The Supreme Court yesterday turned back an attack on how Federal Trade Commission members decide whether to disqualify themselves from regulatory proceedings.
In a session that included decisions on a number of important business and economic issues, the court agreed to decide if defendants in federal antitrust cases can try to limit their potential liability by distributing the blame for the alleged violations and refused to lift a lower cout order that is blocking a big railroad merger.
Without comment, in the FTC case, the court left intact a ruling that commission Chairman Michael Pertschuk does not have to disqualify himself from the agency's rule-making for television commercials aimed at young children.
Pertschuk voluntarily withdrew from the children's advertising proceedings last Jan. 7, but is under no legal obligation to stay out.
Congress has suspended those proceedings by passing a law requiring the commission to establish rules based solely on "deceptive acts and practices." The legislation, signed into law by Presdient Carter on May 28, bans the commission's use of an "unfairness" standard in those proceedings.
The FTC in early 1978 invited public comment on possible trade regulations that could ban all televised advertising directed to children. After the start of the rule-making proceedings, including full public hearings, the advertising industry demanded that Pertschuk disqualify himself. The complaint cited statements made by Pertschuk to show that he could not be an "impartial arbiter" but Pertschuk refused to disqualifty himself and the commission refused to order him disqualified.
U.S. District Court Judge Gerhard Gesell ordered Pertschuk to disqualify himself out the U.S. Circuit Court of Appeals here reversed Gesell last Dec. 27, ruling by a 2-to-1 vote that Pertschuk's discussion of the matter "is not sufficient to disqualify an administrator."

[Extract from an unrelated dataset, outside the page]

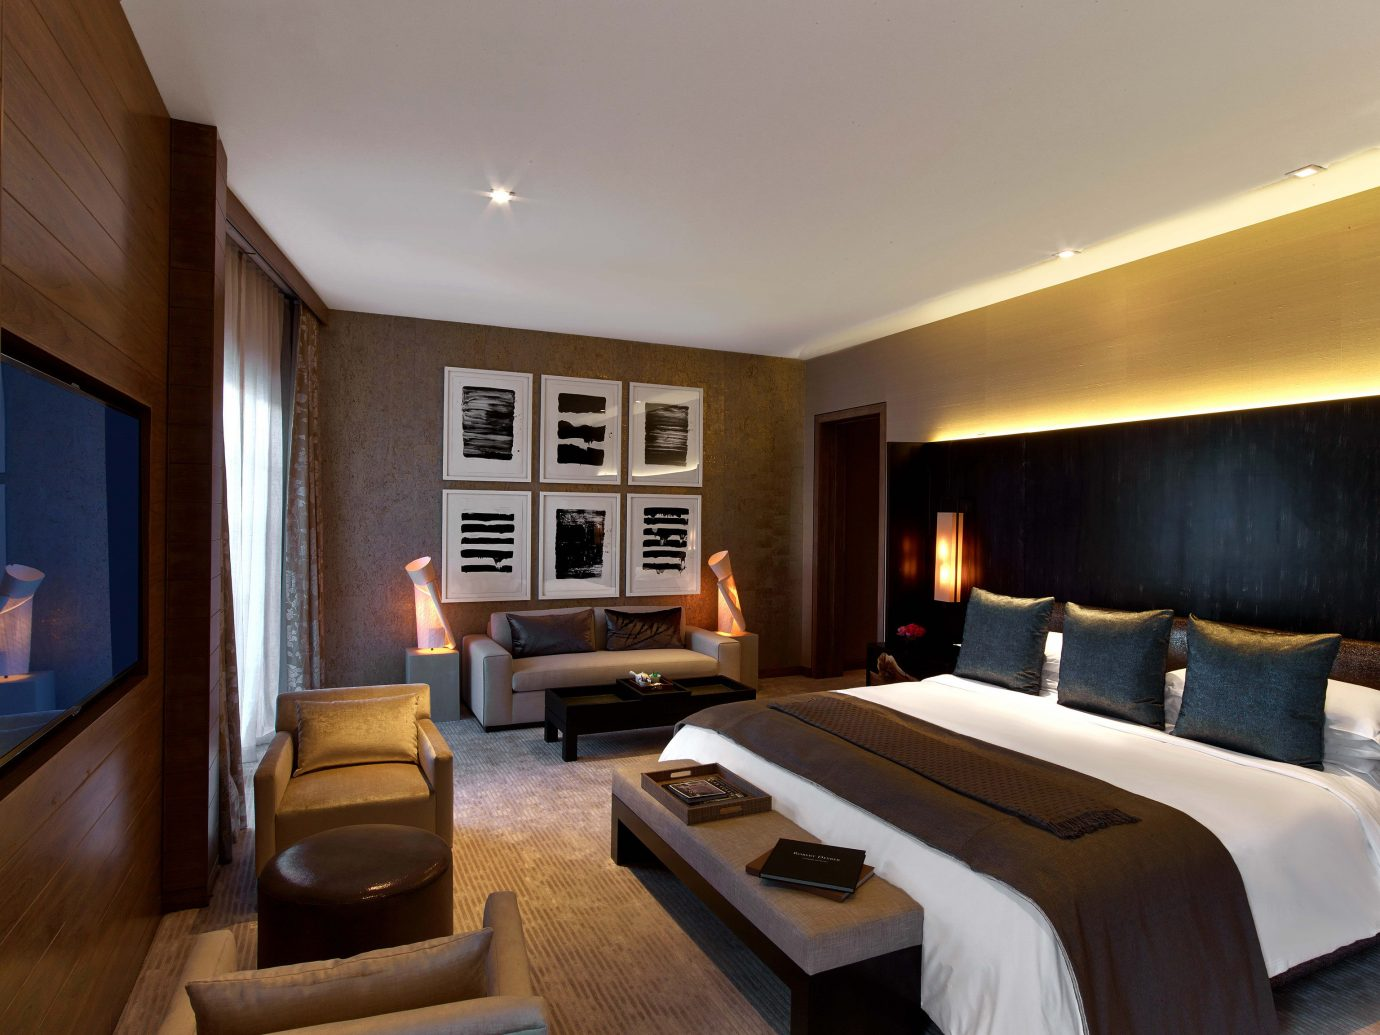 bedroom at The Nobu Villa suite at the Nobu Hotel in Las Vegas

In another decision with potentially great impact on antitrust law, the justices said they will hear the appeal of three corrugated container manufacturers who may face paying a lion's share of more than $5 billion in damages.
Lower courts ruled that, under antitrust laws, the three manufacturers cannot seek to limit their potential liability to their supposed role in an alleged price-fixing conspiracy by 37 manufacturers. Georgia-Pacific Corp., Westvaco Corp. and Packaging Corp. of America are among the 37 corrugated container manufacturers named in one or more of about 60 antitrust suits.
The consolidated suits, alleging that from 1960 to 1978 the 37 companies participated in a nationwide conspiracy to fix prices, have not yet gone to trial. At least 29 of the manufacturers have settled out of court in settlements totaling more than $300 million, reportedly the largest antitrust settlement in history.
The court also agreed to review a separate case involving alleged sex discrimination. In it, Northwest Orient Airlines is asking the court to rule that labor unions can be held partially liable in a sex bias lawsuit when then cause an employer to pay male employes more than female employes.
Northwest, found to have violated the Equal Pay Act of 1963, contends that the discrimination imposed against its female employes was caused by sexually discriminatory collective bargaining agreements with the Transport Workers Union and the Air Line Pilots Association. The justices said they will hear arguments in the Westvaco case.
In the railroad case, the court declined to lift a stay issued by a lower federal court that is holding up the merger of the Burlington Northern and the St. Louis-San Francisco railway companies.
The merger received the blessing of the Interstate Commerce Commission in April but the decision was challenged in the Fifth Circuit Court of Appeals by the Missouri-Kansas-Texas Railroad Co. (Katy). That court issued the stay delaying the consummation of the merger pending resolution of the appeals on an expedited basis.
Katy is contending that it would be injured by a merger of the BN and the Frisco. In approving the merger, the ICC imposed some conditions on the merger partners for two years to protect competing railroads in the area of trackage rights and routing to give them time to ajust to the new competition.
But it generally rejected the claims of harm raised by the competing railroads and declined to impose the kinds of protective provisions the agency used to consider. It was only the second merger case to reflect the changed ICC policy.